▶ **Aim of the exercise**
Your task is to output the listing exactly, leaving every image out.

▶ **Raw data**
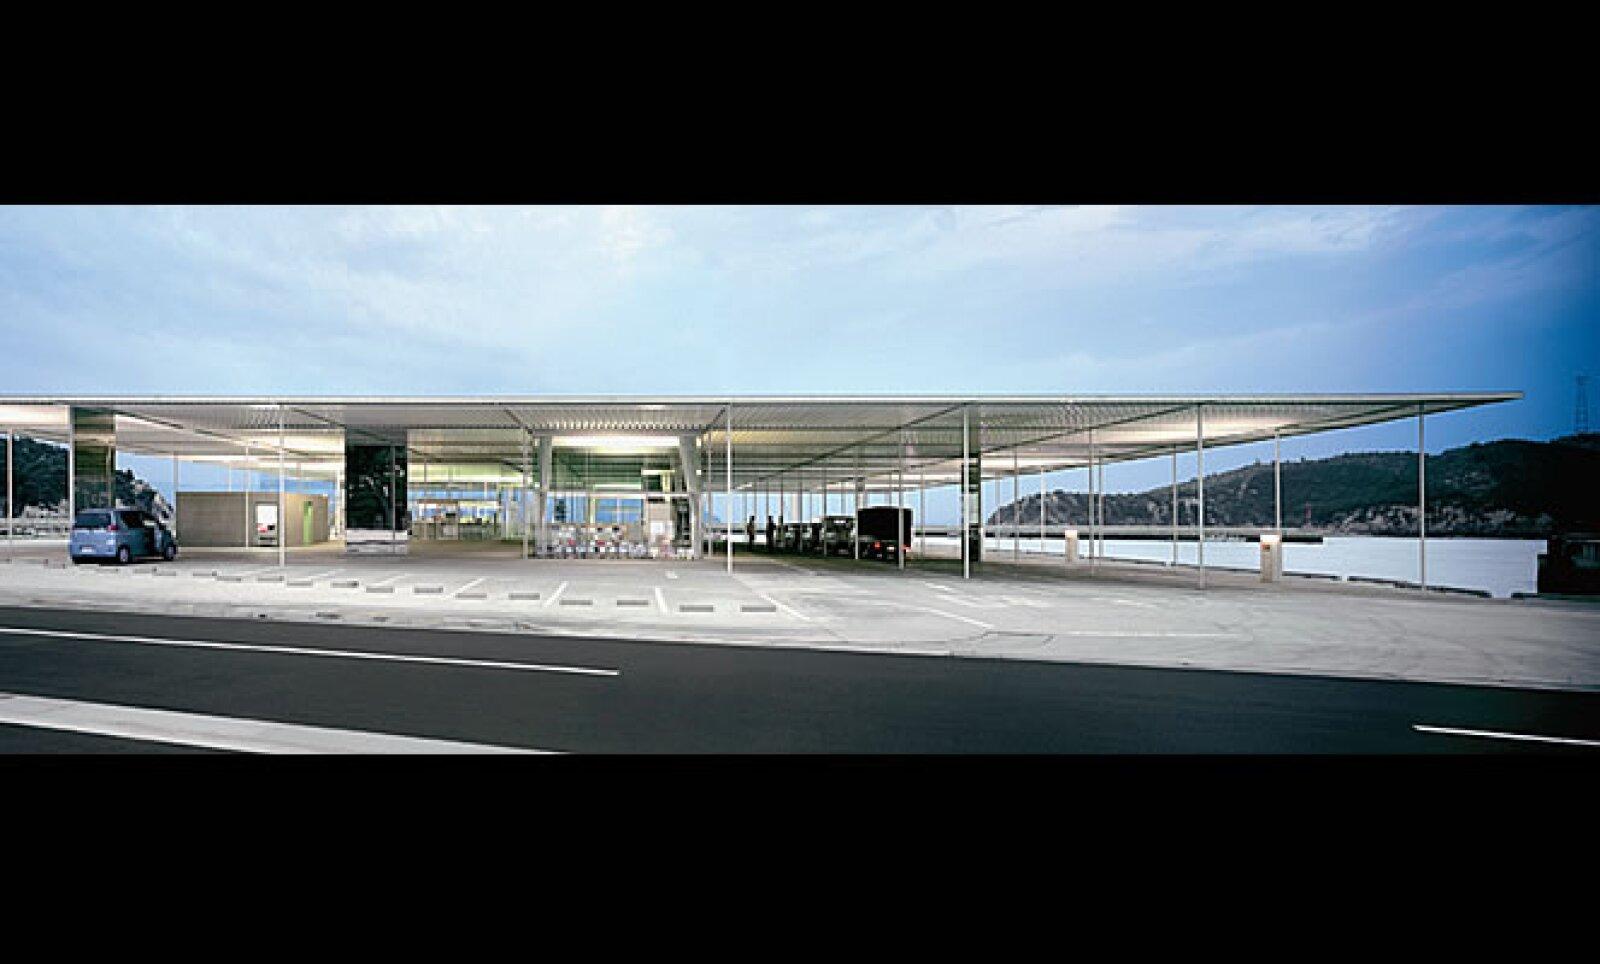 La terminal de ferry de Naoshima, Japón, refleja el interés de SANAA por lograr que sus edificios se adapten tanto al contexto en que se encuentran como a las actividades en su interior.
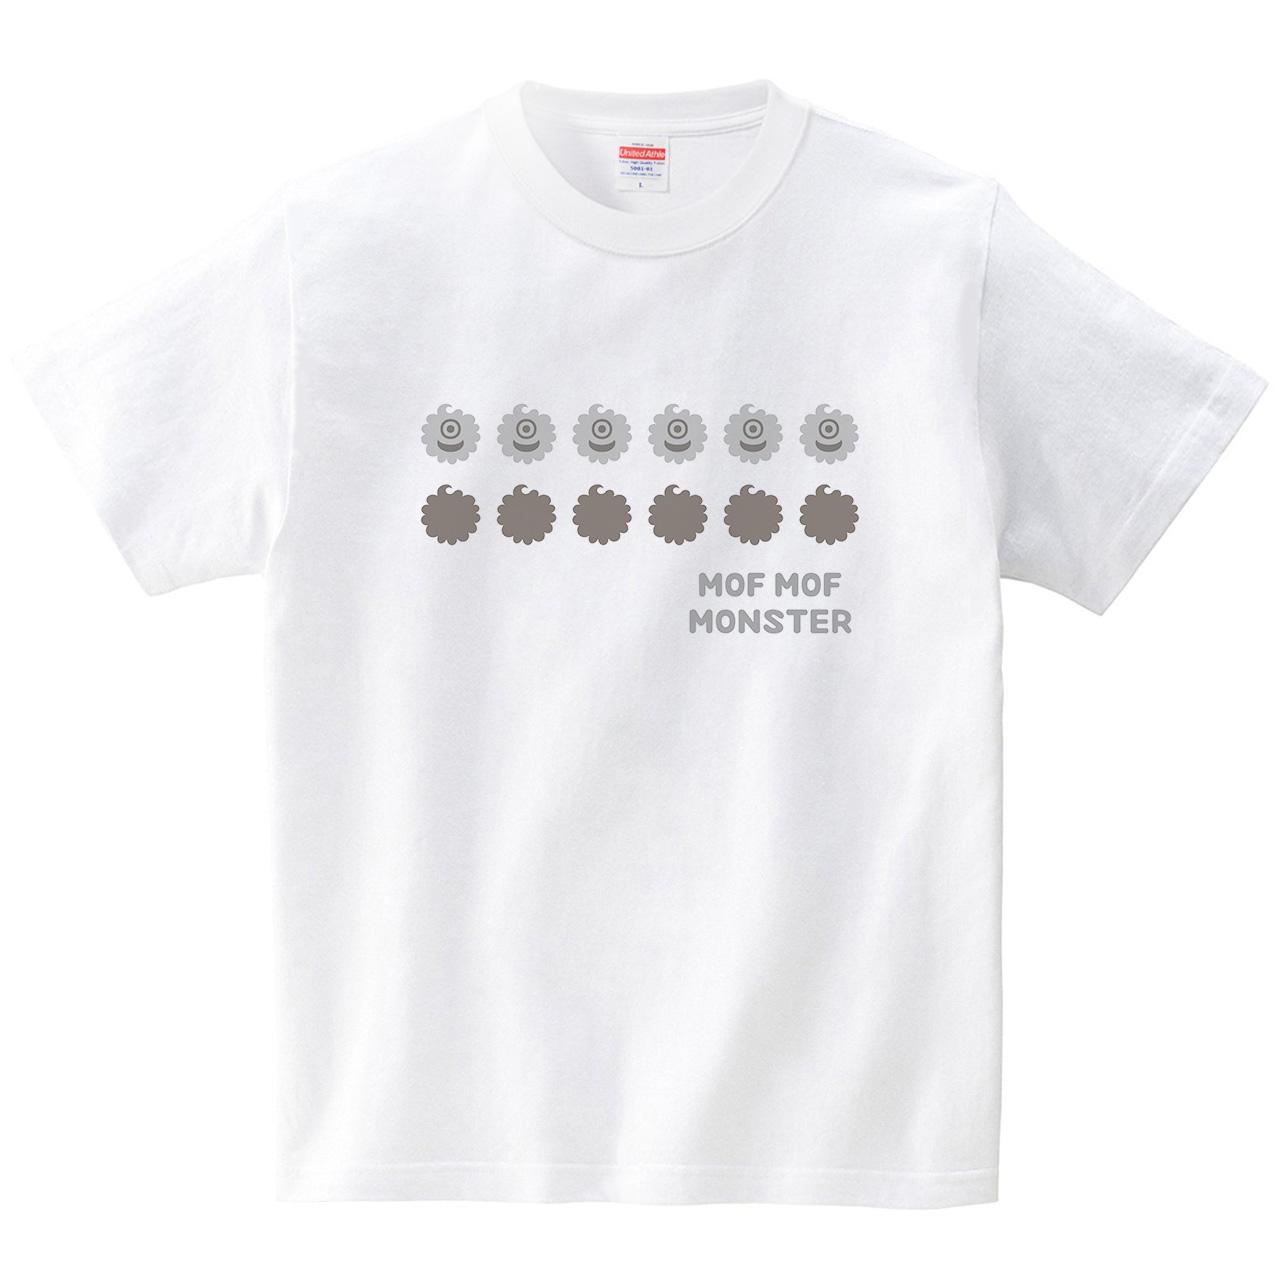 ハテナポップ モフモフモンスター2(Tシャツ・ホワイト)(tsukamotojunko)
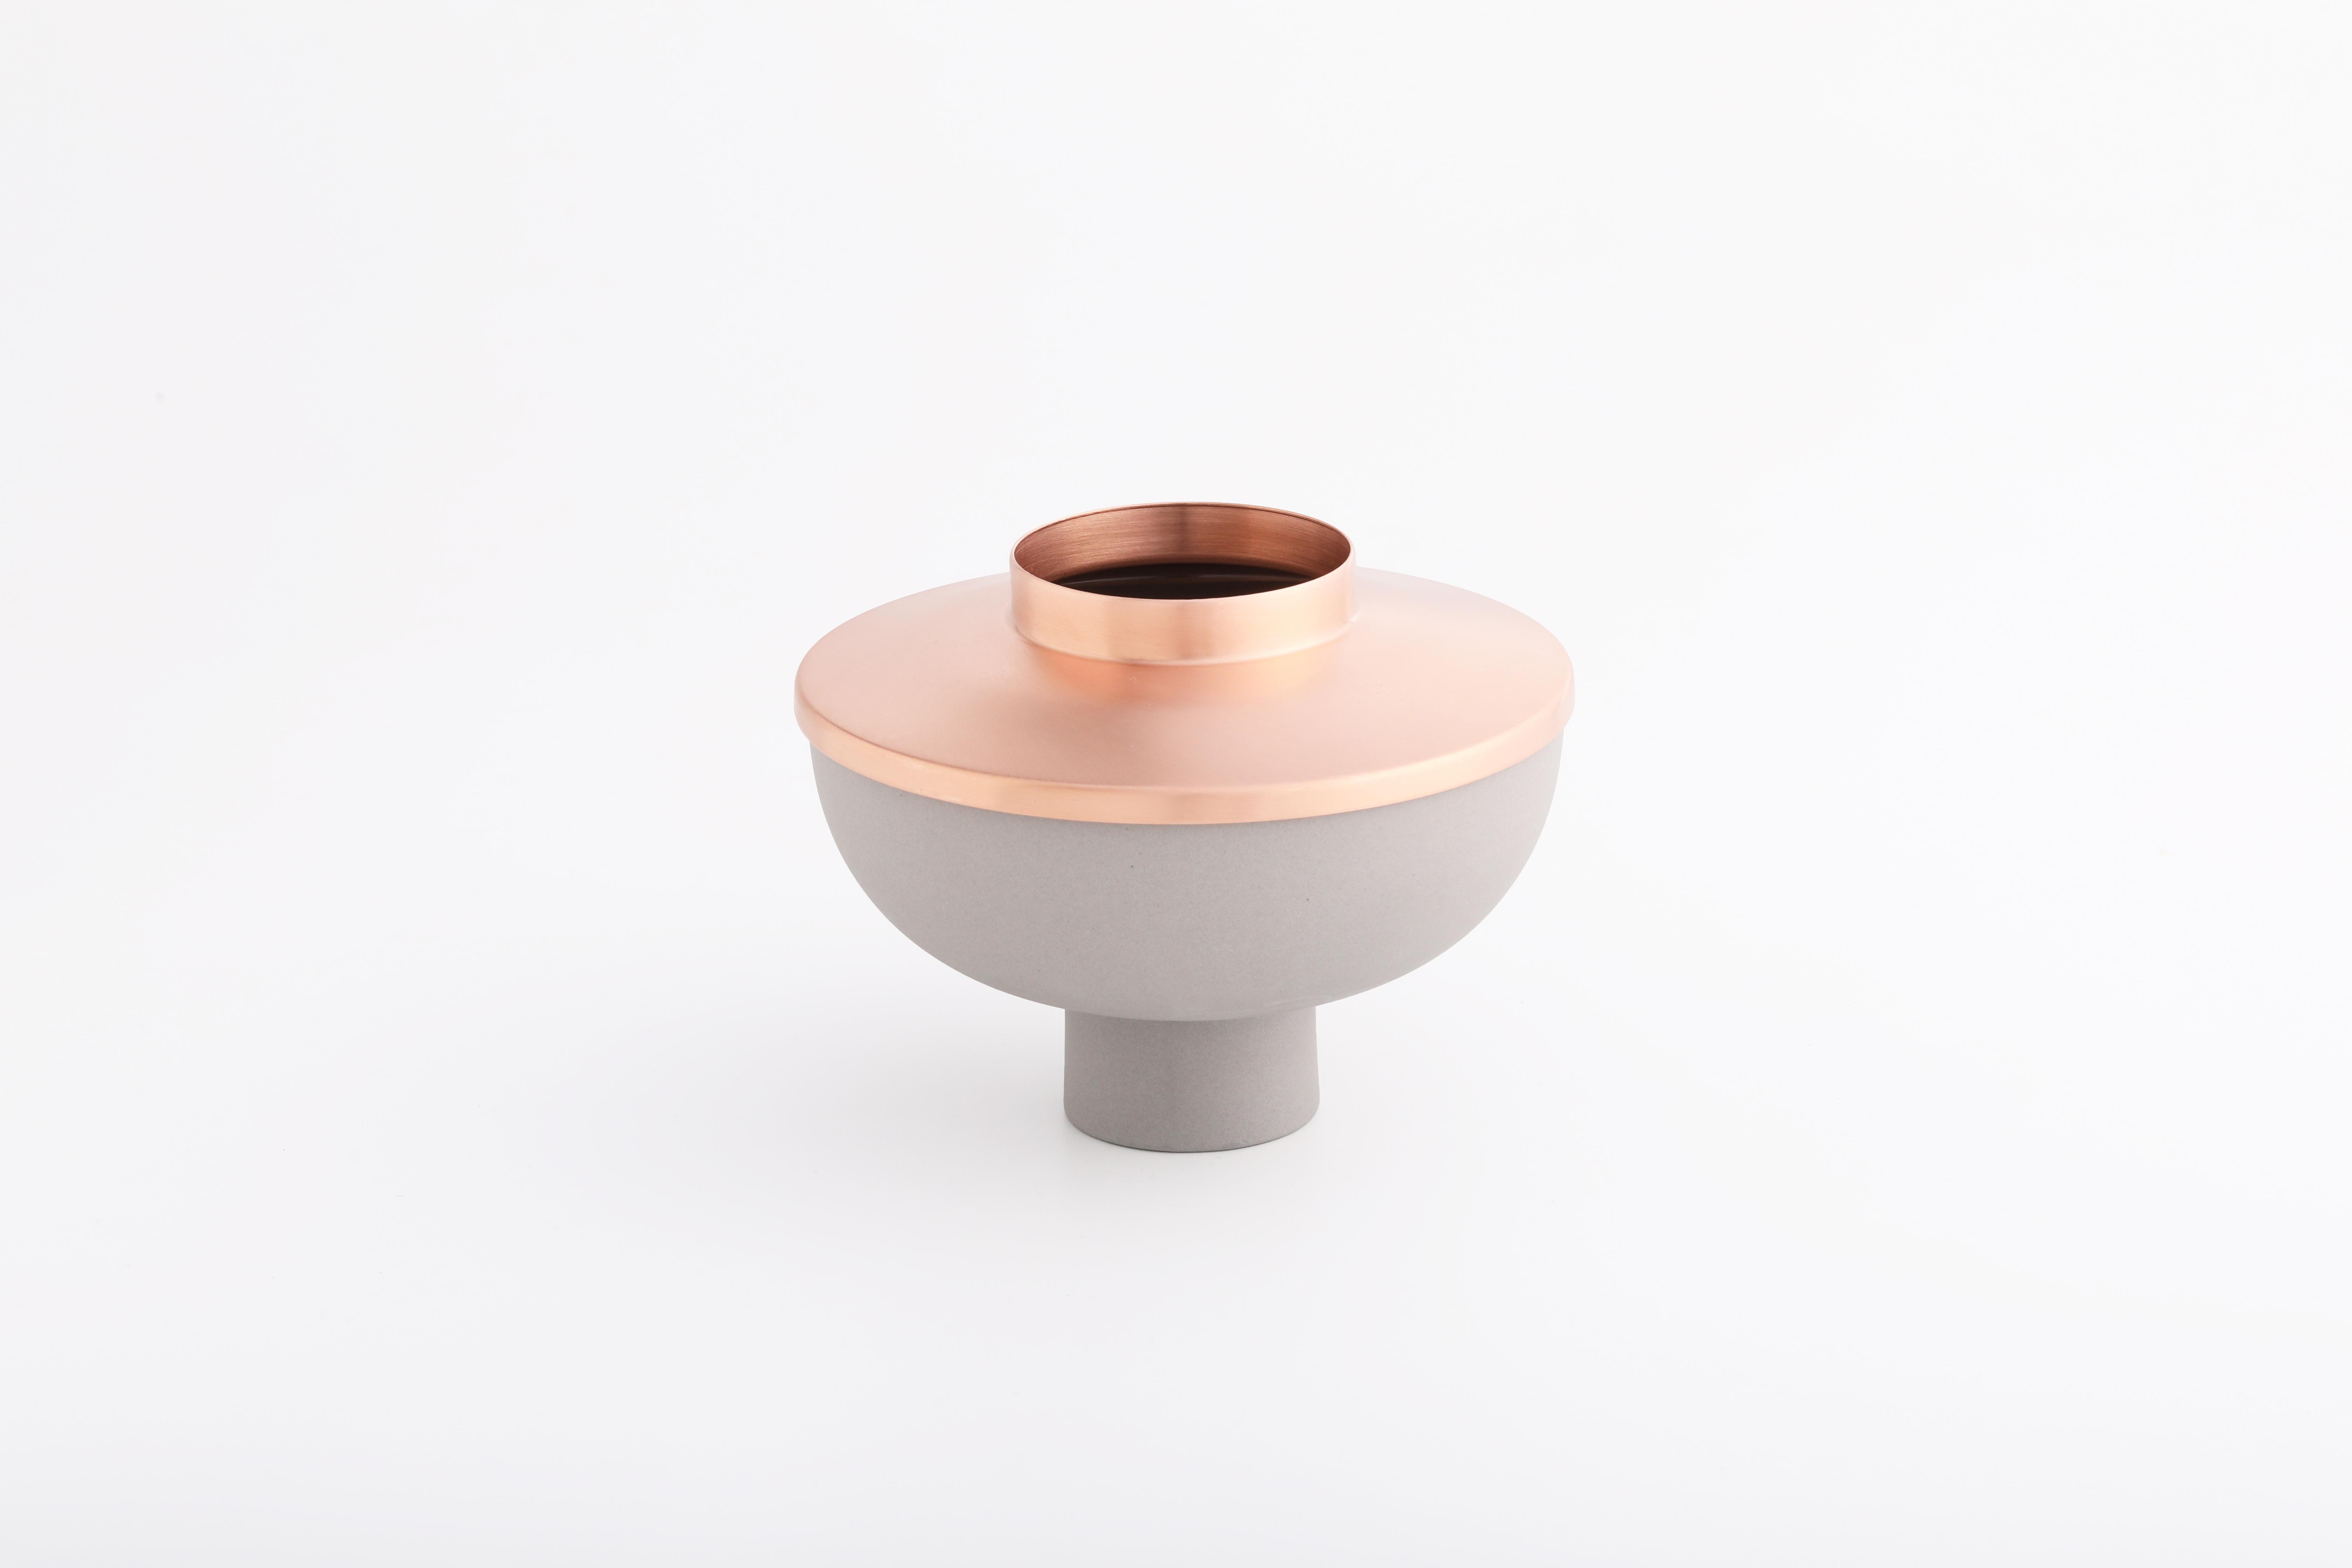 Set 2 (灰瓷紅銅款 / Grey, Copper)

▶ **Task solution**
 La terminal de ferry de Naoshima, Japón, refleja el interés de SANAA por lograr que sus edificios se adapten tanto al contexto en que se encuentran como a las actividades en su interior.
 ハテナポップ モフモフモンスター2(Tシャツ・ホワイト)(tsukamotojunko)
 Set 2 (灰瓷紅銅款 / Grey, Copper)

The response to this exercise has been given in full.